One of the chief justifications of MTA was need for fissionable material should foreign sources of uranium fail. By the summer of 1952 the argument no longer weighed. The AEC had found another and cheaper way. By offering bonuses for new domestic sources of uranium and by increasing the price of ore, the Commission stimulated prospecting that uncovered rich deposits on the Colorado plateau. It appeared that the country did not require an emergency operation to make plutonium from scrap uranium. Attempts to convince the AEC to favor accelerator production of uranium-233, whose relatively small critical mass fit it for use in gun-type bombs and tactical warheads, did not avail. Nor did calculations to demonstrate that the fissionable materials yielded by MTA would release more energy than consumed in producing them. On August 7 the AEC terminated Mark II and reduced Mark I to a small program in its Division of Research.

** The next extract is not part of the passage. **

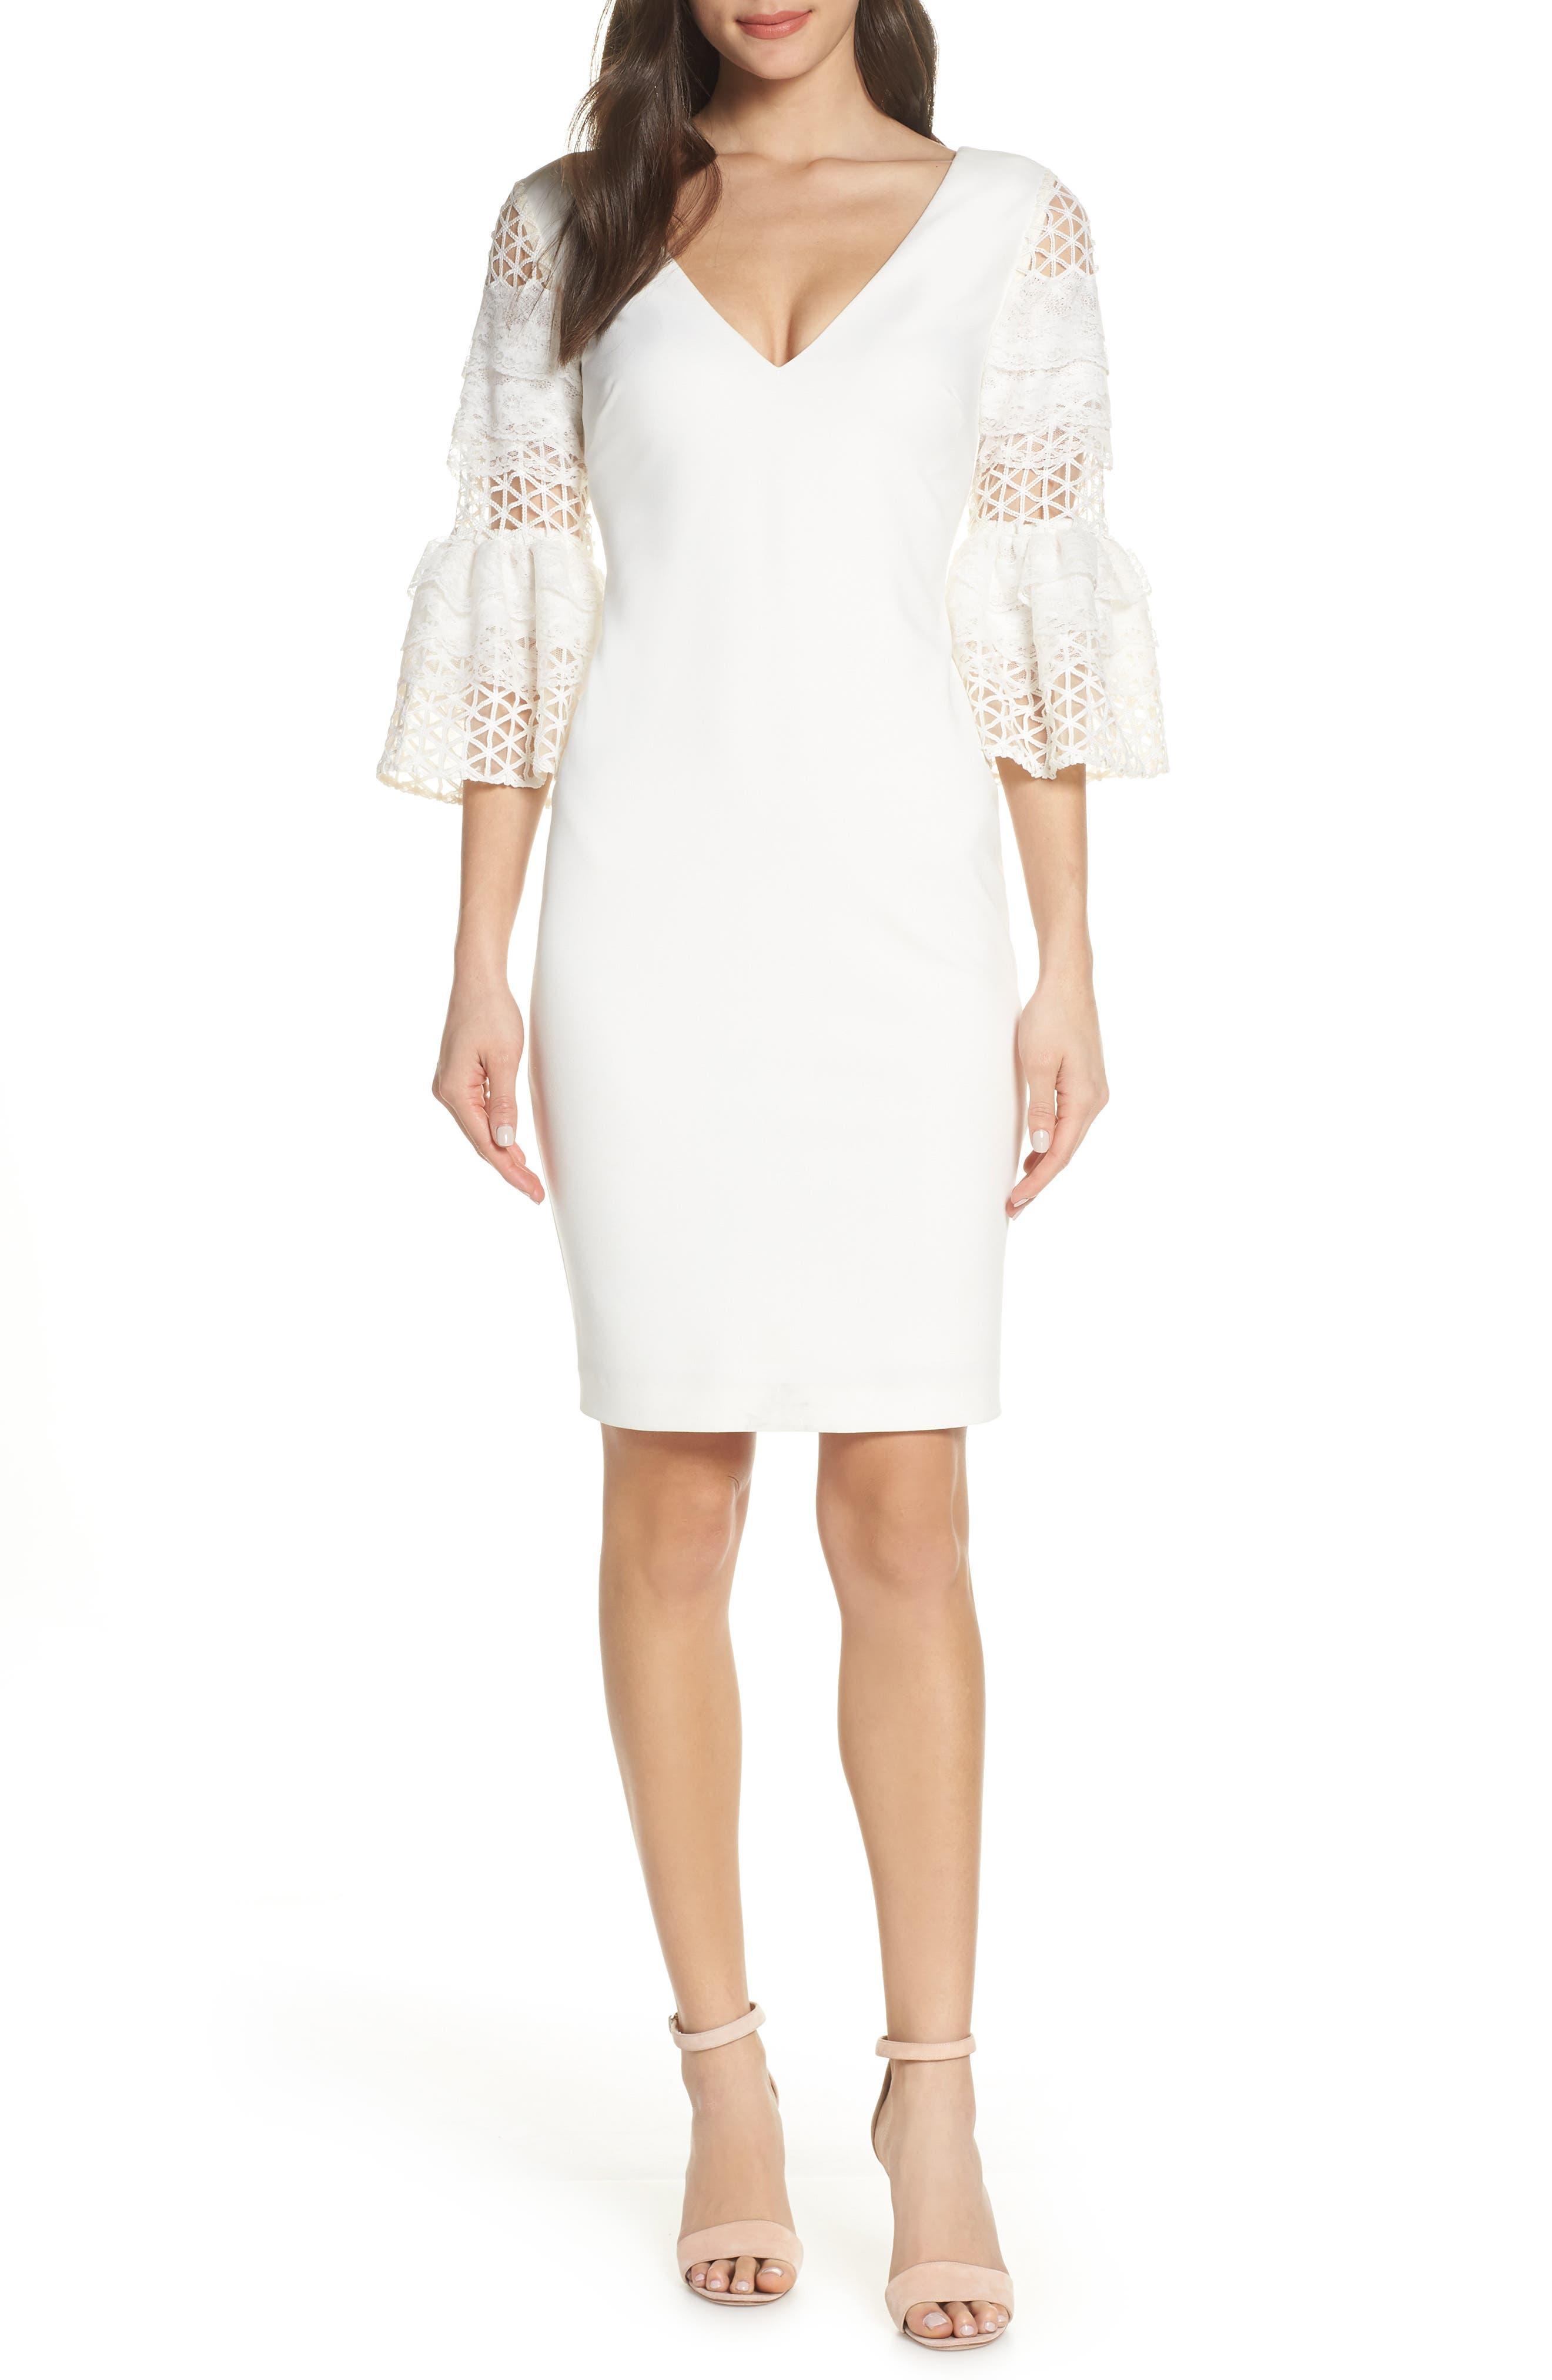 Mark + James By Badgley Mischka Lace Sleeve Sheath Dress, White

Meanwhile two major changes had come over the Livermore site. First, Mark I showed that it could hold a high vacuum and a large potential gradient and enabled its builders to judge it a success. Second, in June 1952 the AEC had established at Livermore the locus for what Teller called "healthy competition" for Los Alamos. The Livermore Weapons Laboratory became a branch of the University of California Radiation Laboratory under the direction of Herbert York. The administrative arrangement lasted until 1971. Until then Livermore took most of the Laboratory's work in applied science, including weapons development and projects Pluto (nuclear rockets), Plowshare (peaceful applications of nuclear explosives), and Sherwood (controlled thermonuclear reactions). The division of labor not only encouraged the Berkeley branch to reconcentrate on basic nuclear science, it also reduced and eventually eliminated classified research there. The Livermore branch was a consequential legacy of MTA. Or, as Lawrence put it from the reverse perspective, "the MTA project made it possible for us to save at least a year or perhaps two years on the development of the Livermore Weapons Laboratory.

The parent Laboratory gained $375,000 severance pay to increase the magnetic field of the 184-inch cyclotron to 23,000 gauss, which made possible acceleration of protons to 750 MeV. The rationale was that the AEC desired to know the neutron yield at such an energy. Perhaps most important, experience gained in MTA and a few pieces of its furniture assisted the completion of the long-awaited Bevatron at an energy almost double that planned before the Mark brothers came on the scene.